替梅蘭擋住這碎石的轟砸,凌寒擔憂的定睛看去,只瞧見庄海再一次倒在了血泊之中,在他身上,有著數以百計的小傷口,顯然這都是被那些崩開的碎石所砸出來的。
再看張恆,他一身的魔岩鎧甲全部掉落,就連手臂上附加岩臂魔法也消散了。猛然間,凌寒明白了,張恆真實實力的可怕之處。
魔岩訣這門功法類魔法加上魔氣爆,兩者集合,豈不是說張恆能夠隨時隨地的制造這種魔岩*嗎?
如此想來,凌寒頭上生出一層冷汗,兩個魔法的結合,未免也太過強大了。
「我認可你了。」張恆慢步走到庄海身邊,粗壯的手臂將庄海提起並准確的扔向梅蘭:「給他療傷,靈師。
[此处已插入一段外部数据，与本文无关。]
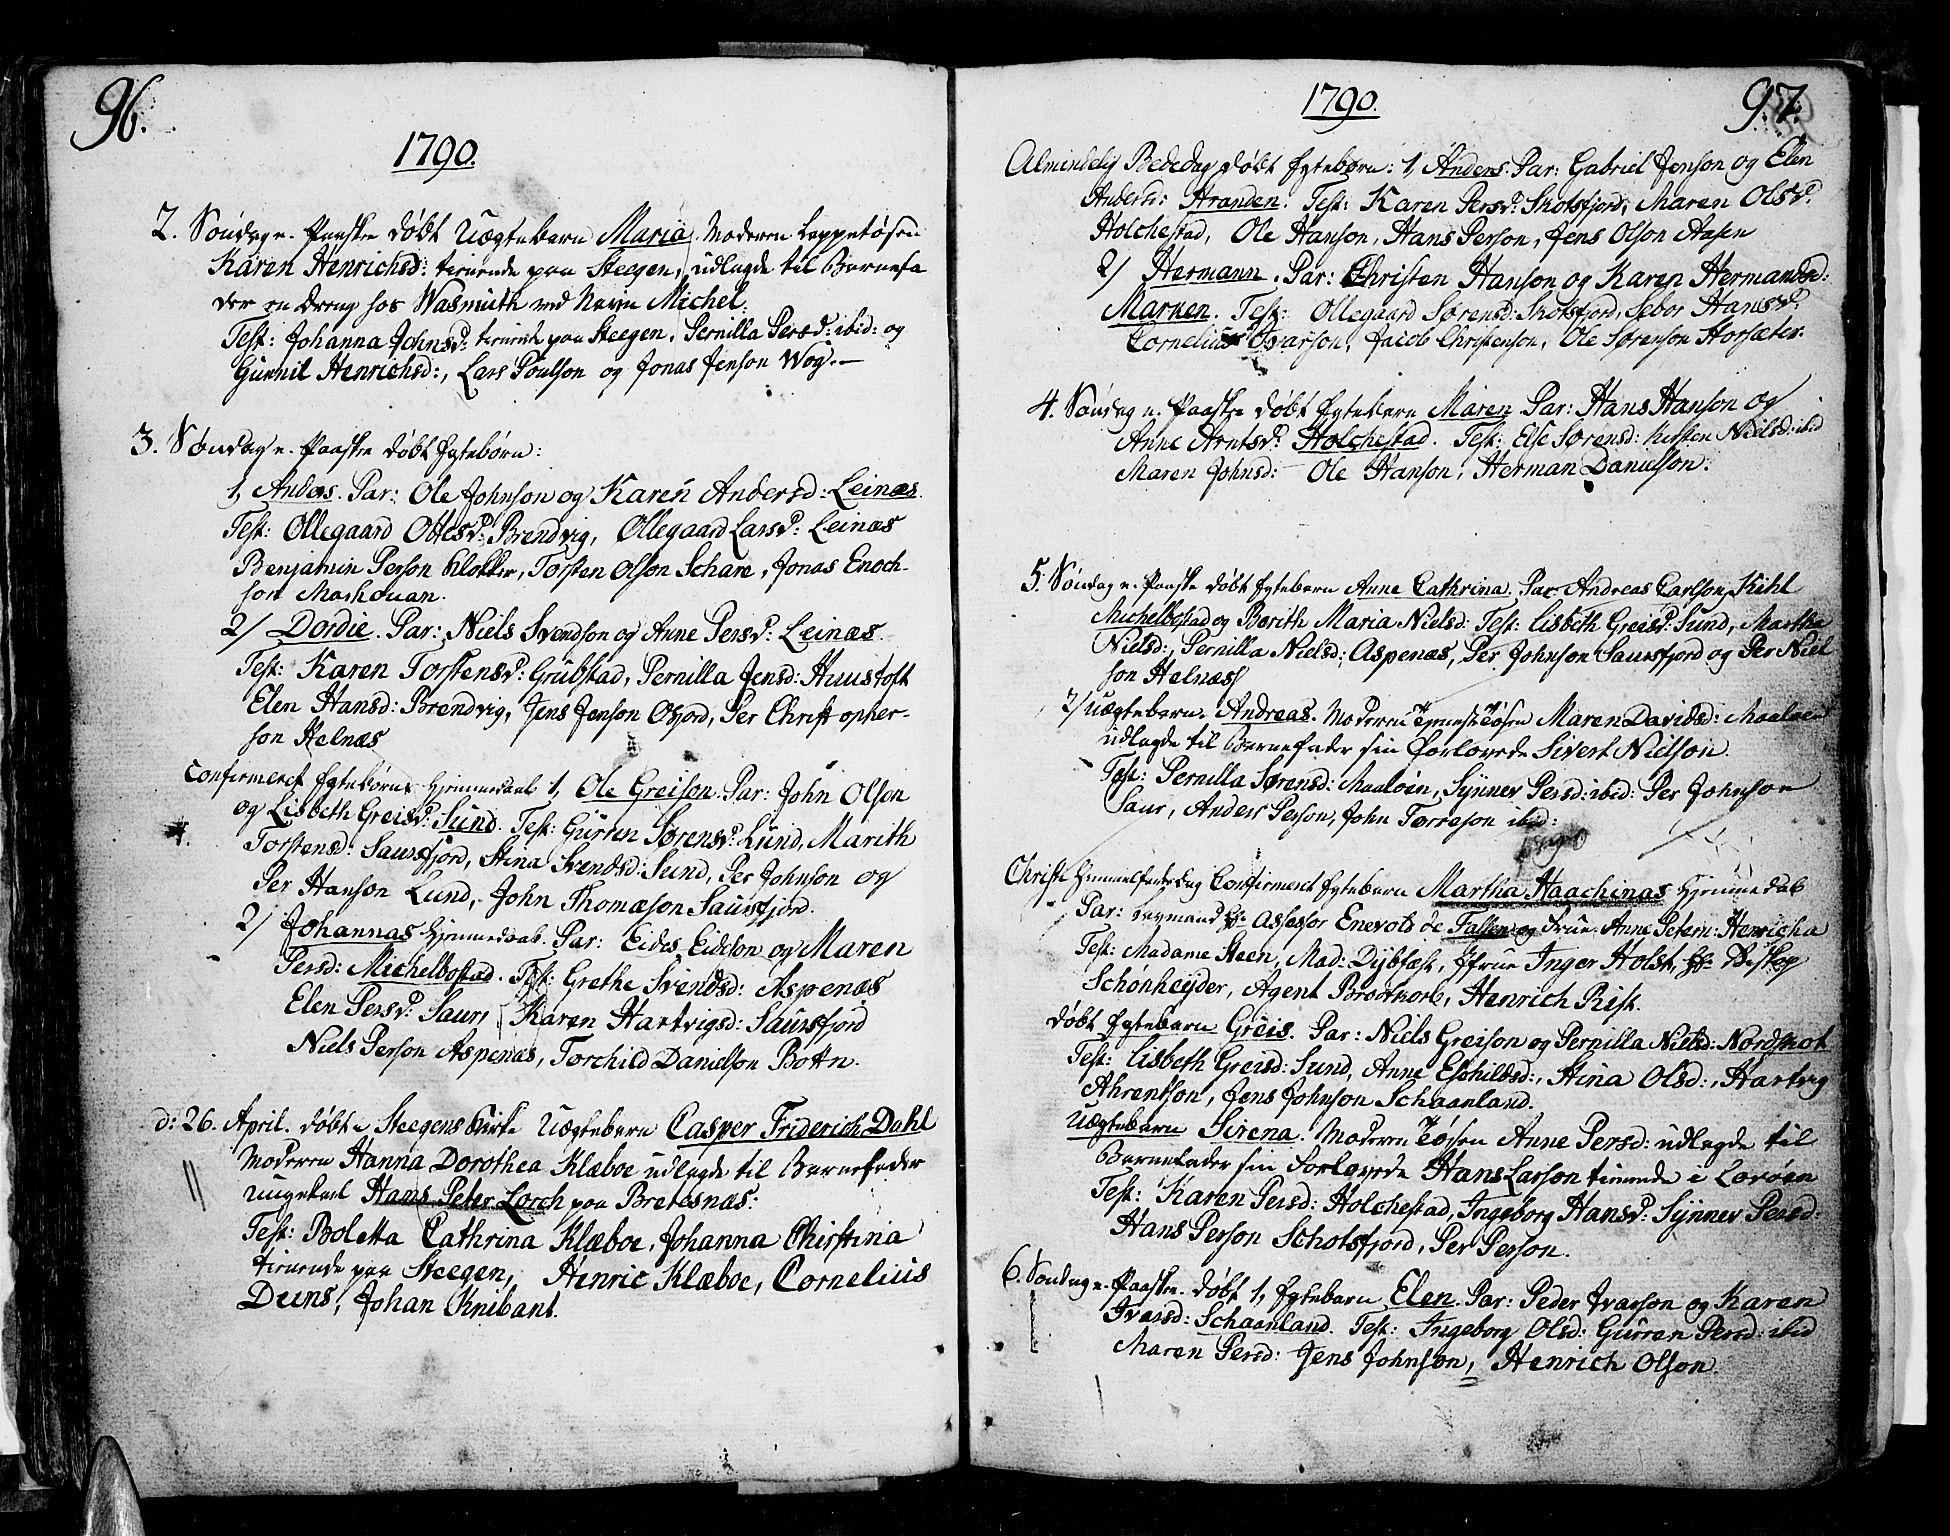 SAT, Ministerialprotokoller, klokkerbøker og fødselsregistre - Nordland, 855/L0796: Ministerialbok nr. 855A04, 1776-1813, s. 96-97

」
梅蘭不敢怠慢,趕緊掏出葯膏給庄海治療。
說著,張恆將目光瞅向凌寒,他知道凌寒才是將自己妹妹捆綁起來的罪魁禍首,也就是說這份恥辱是凌寒帶來的,想到這里,張恆雙目有些發紅。
「小子,給你兩個選擇,第一:戰勝我,我放過你們庄園,第二:求饒,從我的胯、下爬過去,我放你走。」張恆凌厲的聲音傳過,引得周圍的豹紋部落「幼崽」哈哈大笑。
這是張恆給凌寒的選擇,他雖說是個男人,卻也能感覺到自己妹妹對凌寒的特殊。如果凌寒選擇第一種,張恆說不定會留住凌寒一命,並且不阻止凌寒和妹妹的發展,可如果凌寒選擇了第二種,張恆肯定會將凌寒斬殺,斷了張曼珠的念想。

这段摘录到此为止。